With severe travel restrictions still in place, your author has sadly not had the chance to travel to Oslo recently; there have been no opportunities to visit the Vigeland Sculpture Park, Viking Ship Museum, Arkershus Fortress or anything similar. However, he was there in spirit – along with around 400 other people – yesterday, attending the Norwegian Hydrogen Conference, an event arranged by hydrogen.no (an industry body) and hosted entirely virtually.
Eight hours of online presentations provided a fascinating insight into key developments in the hydrogen industry. Presenters comprised a broad range of stakeholders including politicians (both leading parties in Norway were represented), industry players, (across multiple sectors including energy and transport) consultants, analysts and lawyers.
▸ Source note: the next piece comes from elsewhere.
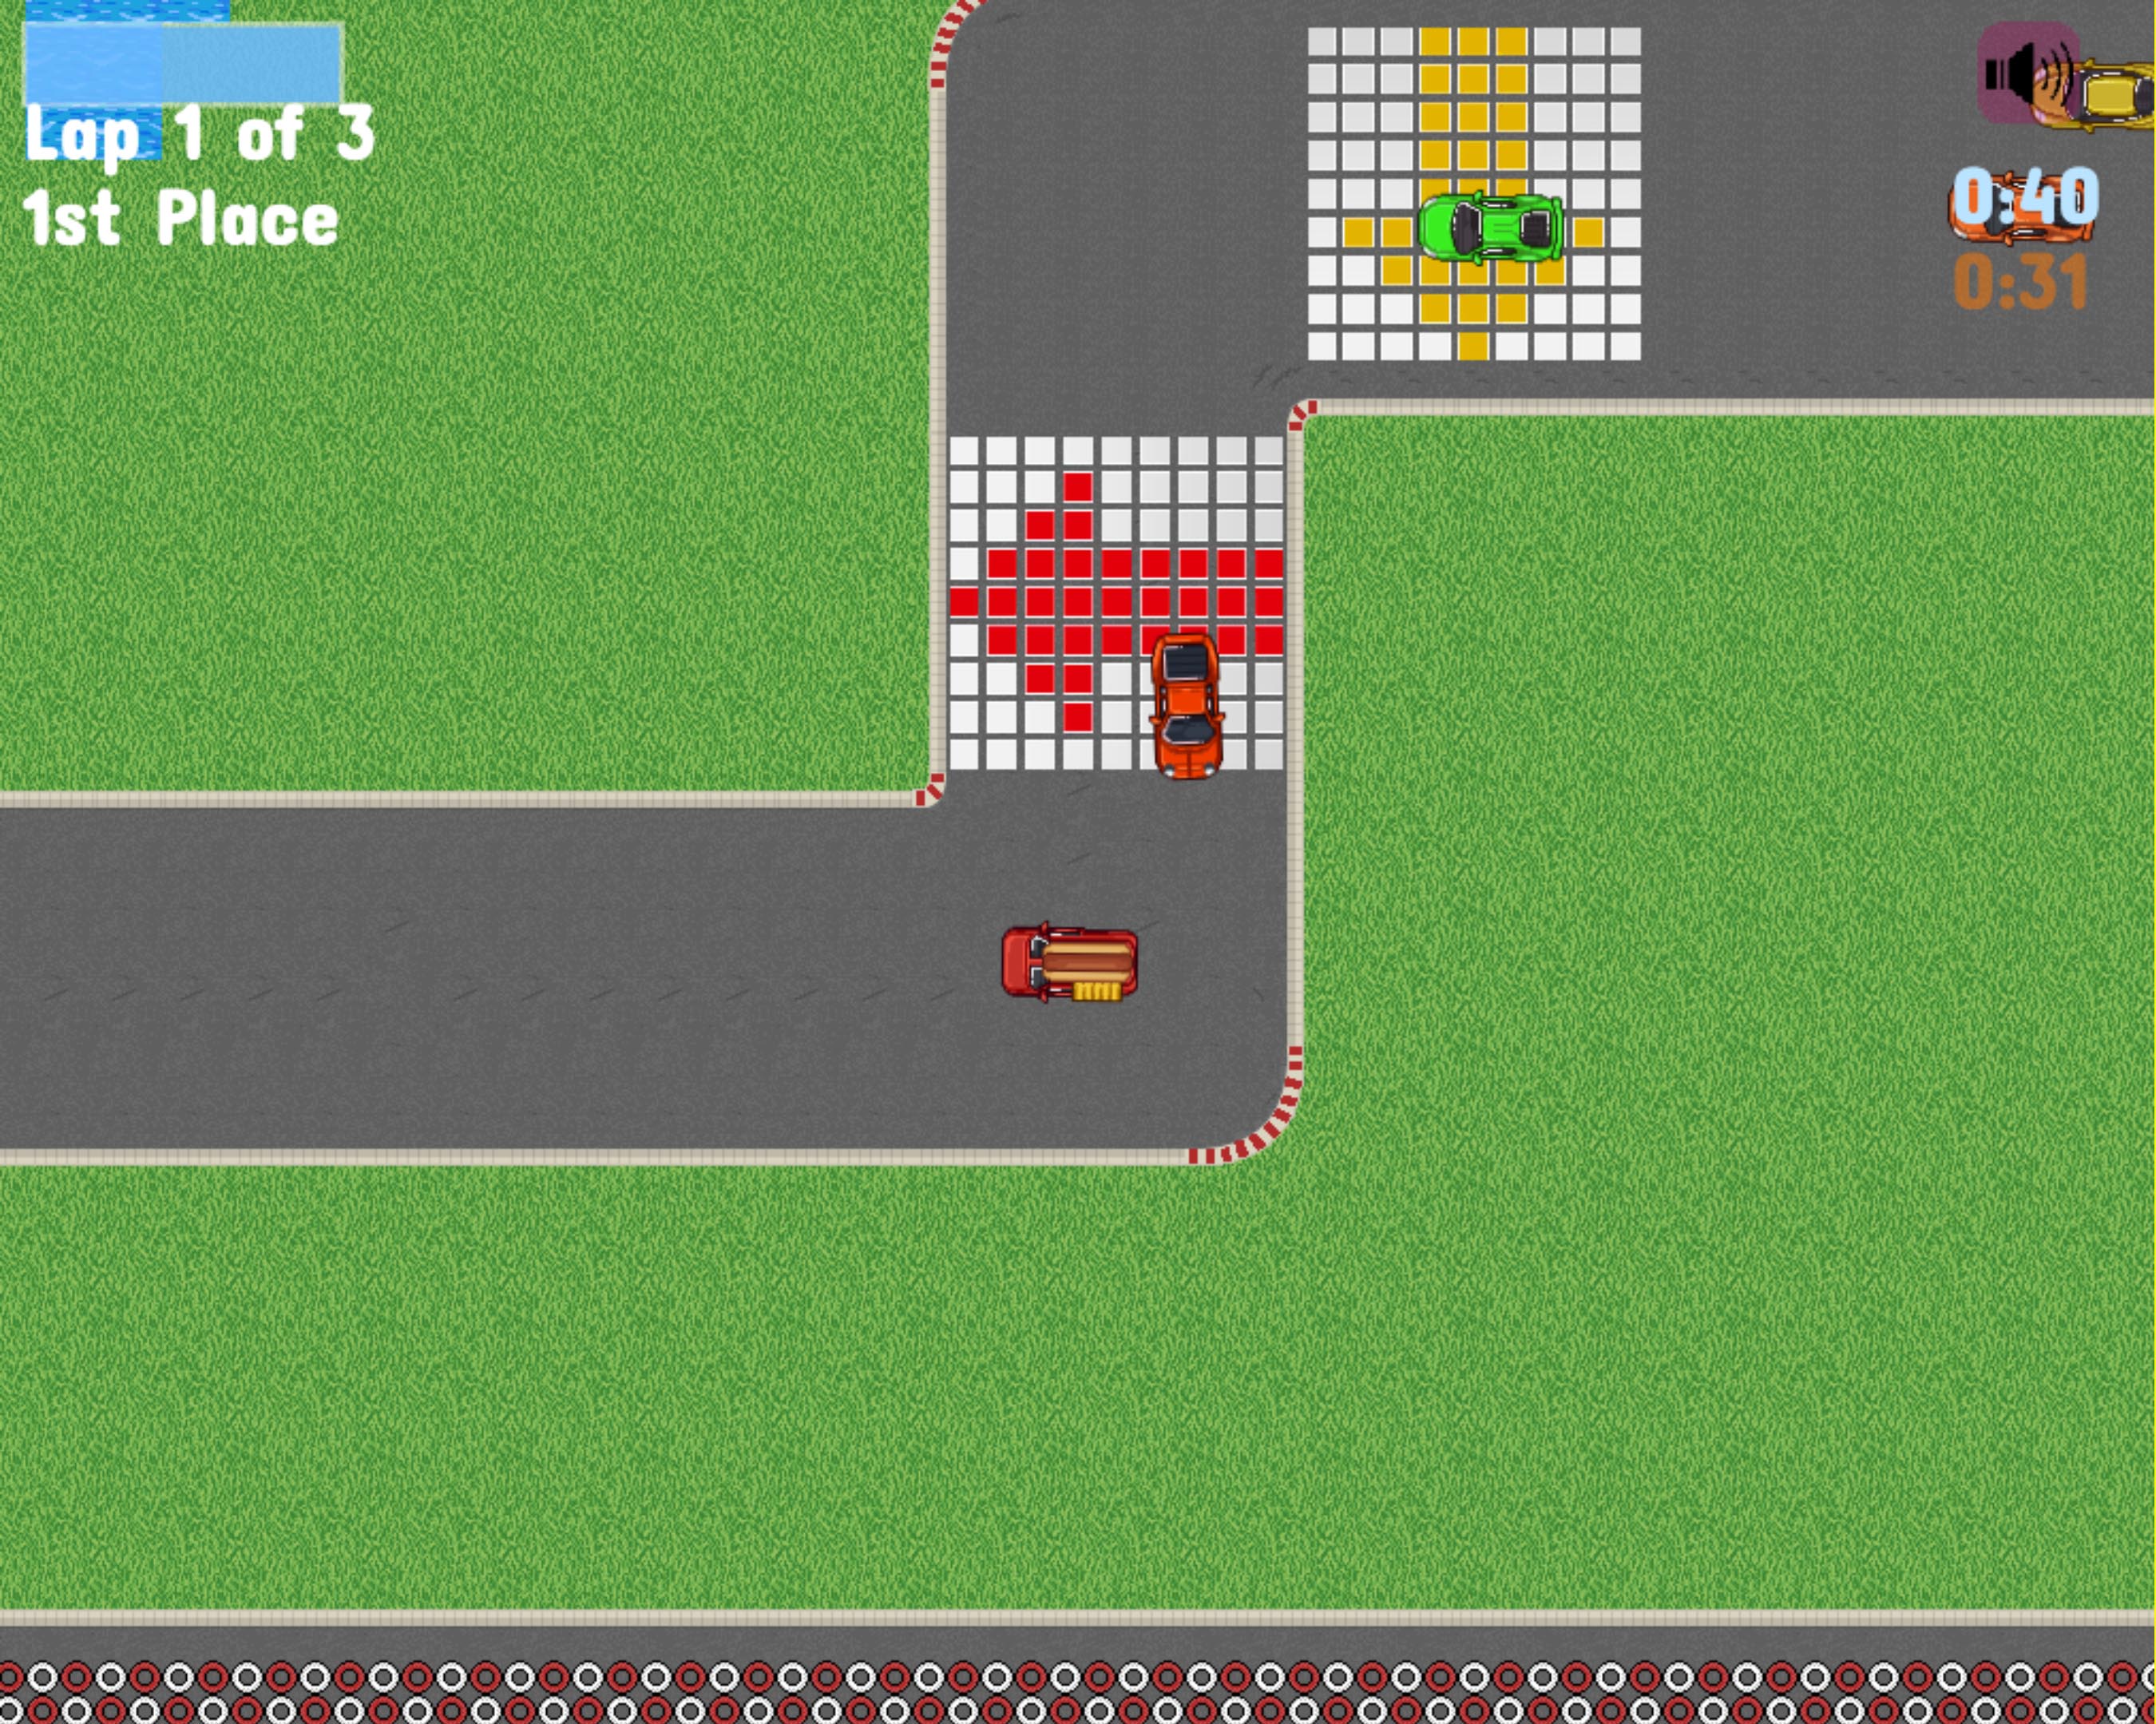 This is a screenshot from Conflict Cars. The player is a hotdog truck racing through a grass level.

If there was one clear consensus that emerged from the event then it was that hydrogen has a crucial role to play as a future fuel in a low (or zero) carbon world.
Regardless of the end-market use for hydrogen (and heavy-duty trucking seems the most logical at present), the key challenge is how to scale up the industry. Consensus at the conference seemed very much to be of the view that hydrogen fuel technology is where solar was a decade or so ago. Falling costs can help drive industry growth although the perennial problem remains whether to build infrastructure before the demand for new solutions exists, or vice versa.
From an industry perspective, both Toyota and Iveco made compelling cases for hydrogen fuel cell electric vehicles (FECVs). Toyota described a process whereby vehicles would transition over time from hybrid to battery-operated to FECV. Toyota highlighted how FECV costs had already fallen by over 95% since its first prototype models a decade ago, yet the industry was still just at “stage one.” Meanwhile, Iveco is a key partner to Nikola (a leading FECV truck business based in the US), which already has an order book for its products equivalent to $10bn. Per Iveco, by bringing down the total cost of vehicle ownership through an integrated hydrogen infrastructure (vehicles and charging stations), Nikola is driving “end-to-end disruption.”